Fig. 3 is shown in the device for performing artificial neural network pre-training computing according to the present invention The example block diagram of the structure of main computing module 5.As shown in figure 3, main computing module 5 includes computing list Member 51, data dependence relation judging unit 52 and memory cell 53.

Memory cell 53 be used to caching the input data that main computing module 5 uses in calculating process and Output data, arithmetic element 51 completes the various calculation functions of main computing module 5, and data dependence is closed Be judging unit 52 be the read-write memory cell 53 of arithmetic element 51 port, deposited while ensure that The read-write uniformity of data in storage unit.Specifically, data dependence relation judging unit 52 judges still Whether there is between the data of the control signal that is not carried out and the control signal during being carrying out according to The relation of relying, if there is no, it is allowed to this group of control signal is launched immediately, otherwise needs to wait until the group control This control signal just allows to be sent out after the completion of all control signals that signal processed is relied on all are performed Penetrate.For example, all control signals for being sent to data dependence relation unit 52 can all be stored into data according to Rely in the instruction queue inside relation unit 52, in the queue, the model of the reading data of reading instruction Clashed if enclosing the write command forward with queue position and writing the scopes of data, the instruction must be waited It can be performed after being performed to the write command relied on.Meanwhile, data dependence relation judging unit 52 It also is responsible for that data will be read and is sent to by interconnecting modules 4 from computing module, and from computing module 6 Output data is transmitted directly to arithmetic element 51 by interconnecting modules 4.The finger that controller unit 2 is exported Order is sent to computing unit 51 and data dependence relation judging unit 52, to control its behavior.
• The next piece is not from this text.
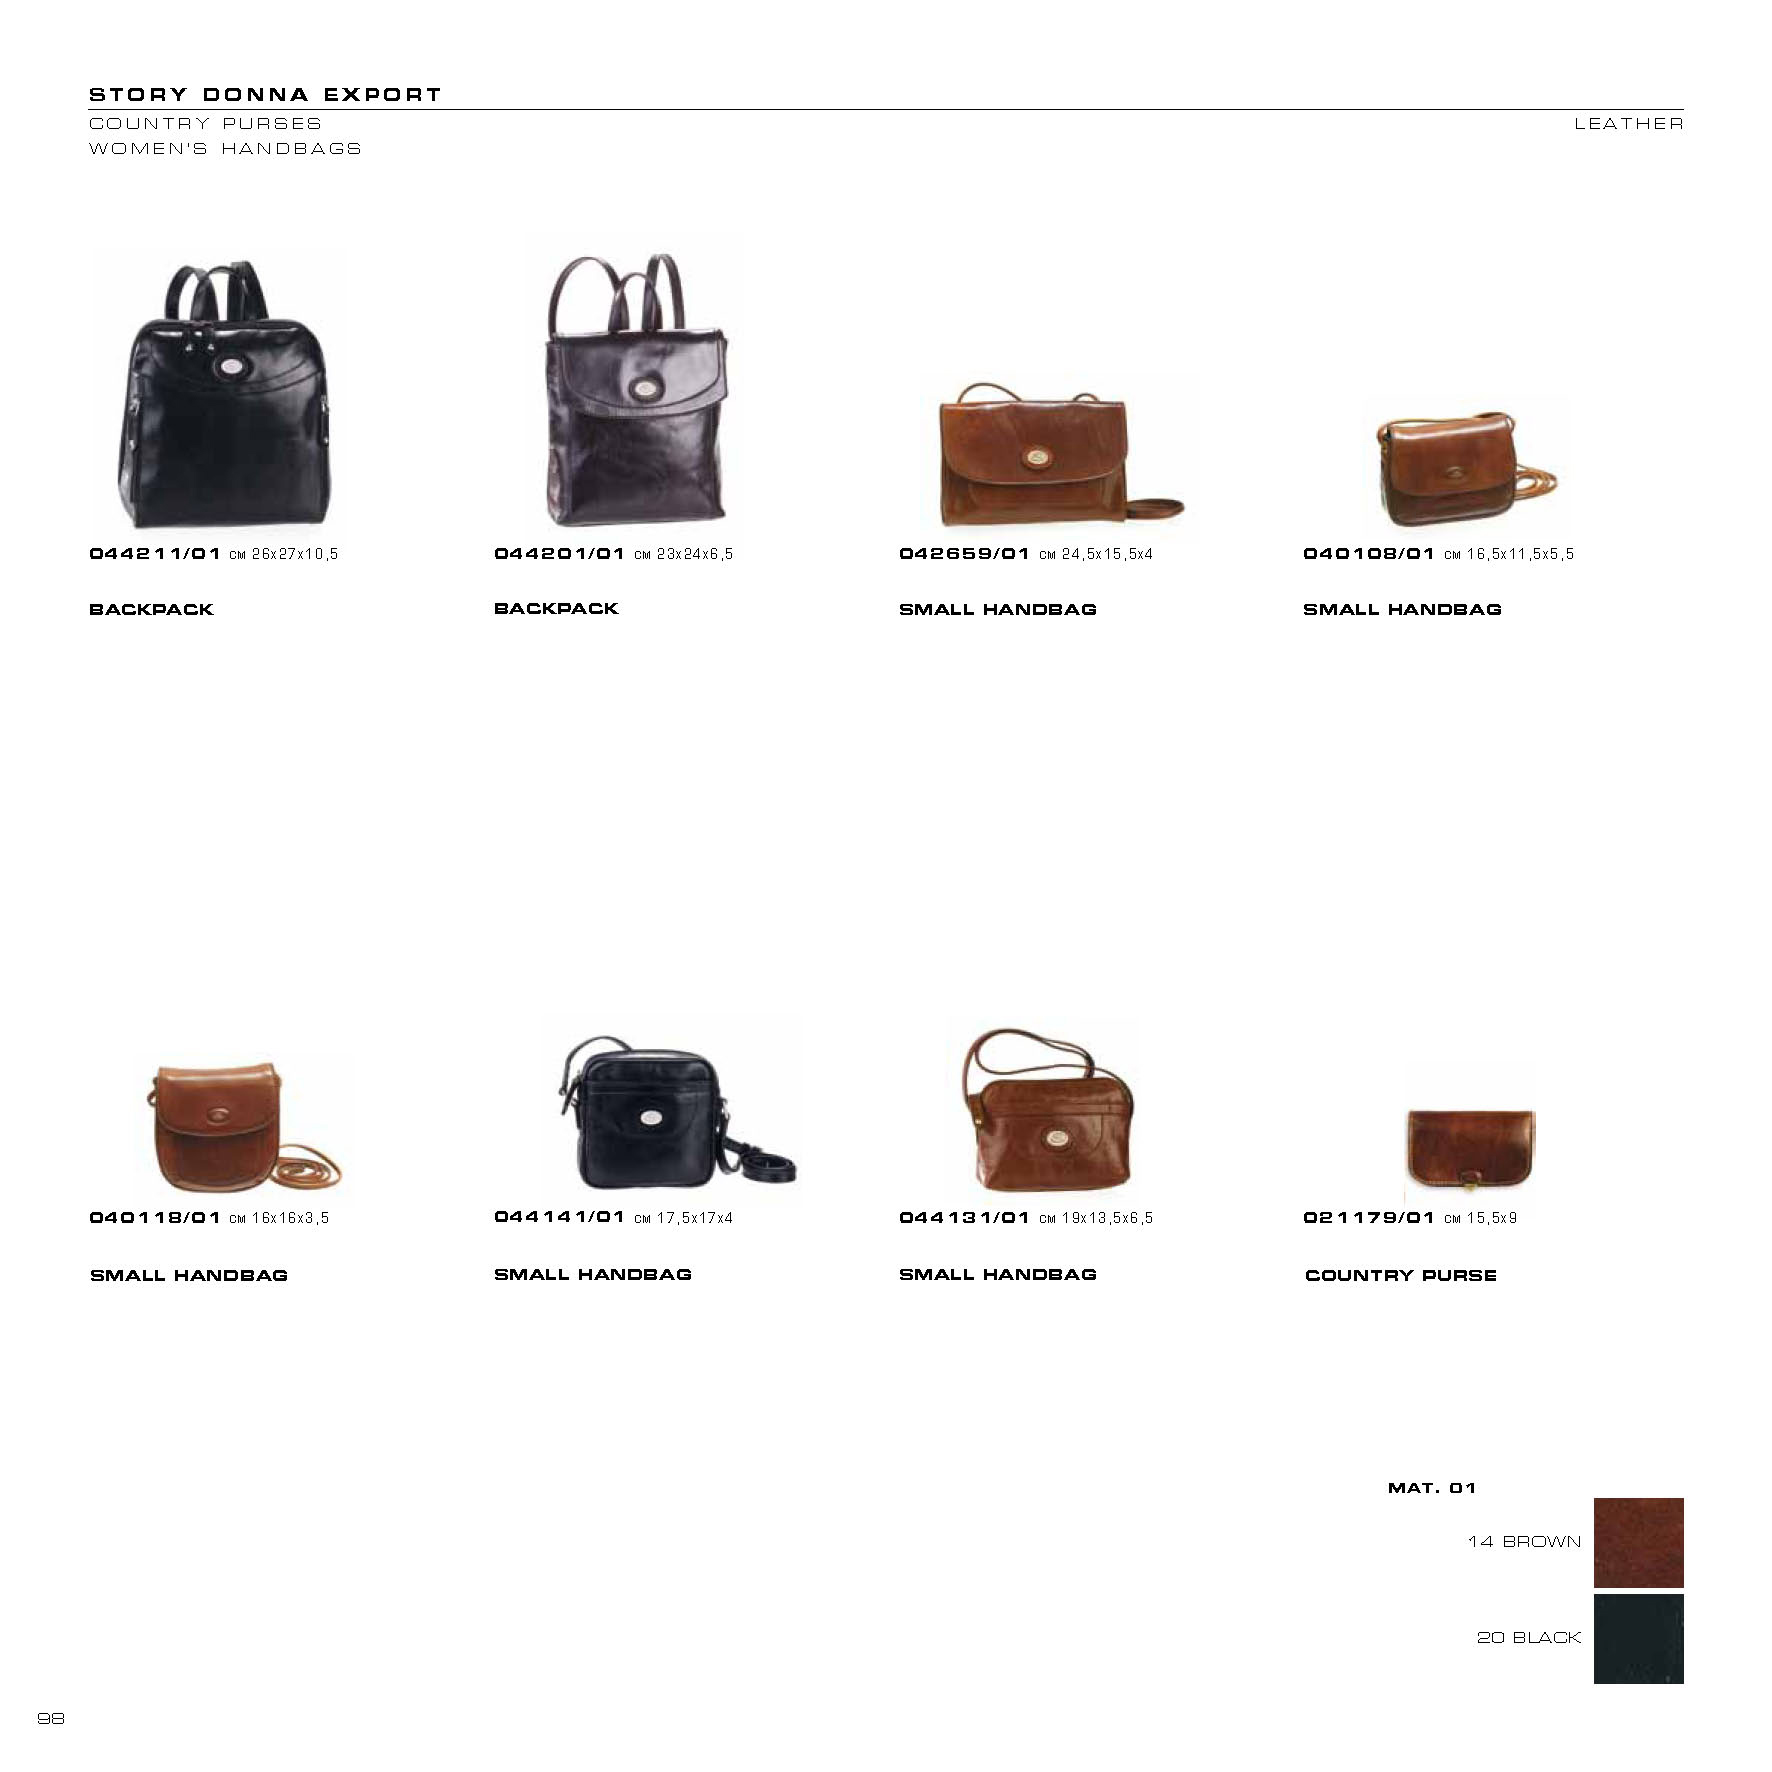 the bridge story donna handtaschen lederhandtaschen umh ngetaschen rucksack shoulder bag. Black Bedroom Furniture Sets. Home Design Ideas

Fig. 4 is shown in the device for performing artificial neural network pre-training according to the present invention from fortune Calculate the example block diagram of the structure of module 6.As shown in figure 4, each include computing list from computing module 6 Member 61, data dependence relation judging unit 62, the first memory cell 63, the second memory cell 64 With the 3rd memory cell 65.

Arithmetic element 61 receives the control signal that sends of controller unit 2 and carries out arithmetic logic computing.

Data dependence relation judging unit 62 is responsible for the read-write operation to buffer unit in calculating process. Data dependence relation judging unit 62 ensures that uniformity conflict is not present in the read-write to buffer unit.Example Such as, all control signals for being sent to data dependence relation unit 62 can all be stored into data dependence relation In instruction queue inside unit 62, in the queue, if the scope of the reading data of reading instruction Forward write command is write the scopes of data and clashed with queue position, then the instruction must when institute according to Bad write command can be performed after being performed.

First memory cell 63 caches the input neuron vector in each phase processSingle order hidden layer MedianSingle order visible layer medianSingle order hidden layer medianAnd the calculating of each stage Input vector and weight matrix dot product result.

Second memory cell 64 caches the weight data that this needs from computing module 6 in calculating process. For each from computing module, all it can only store in weight matrix with that should be stored from computing module 6 The corresponding row of scalar data.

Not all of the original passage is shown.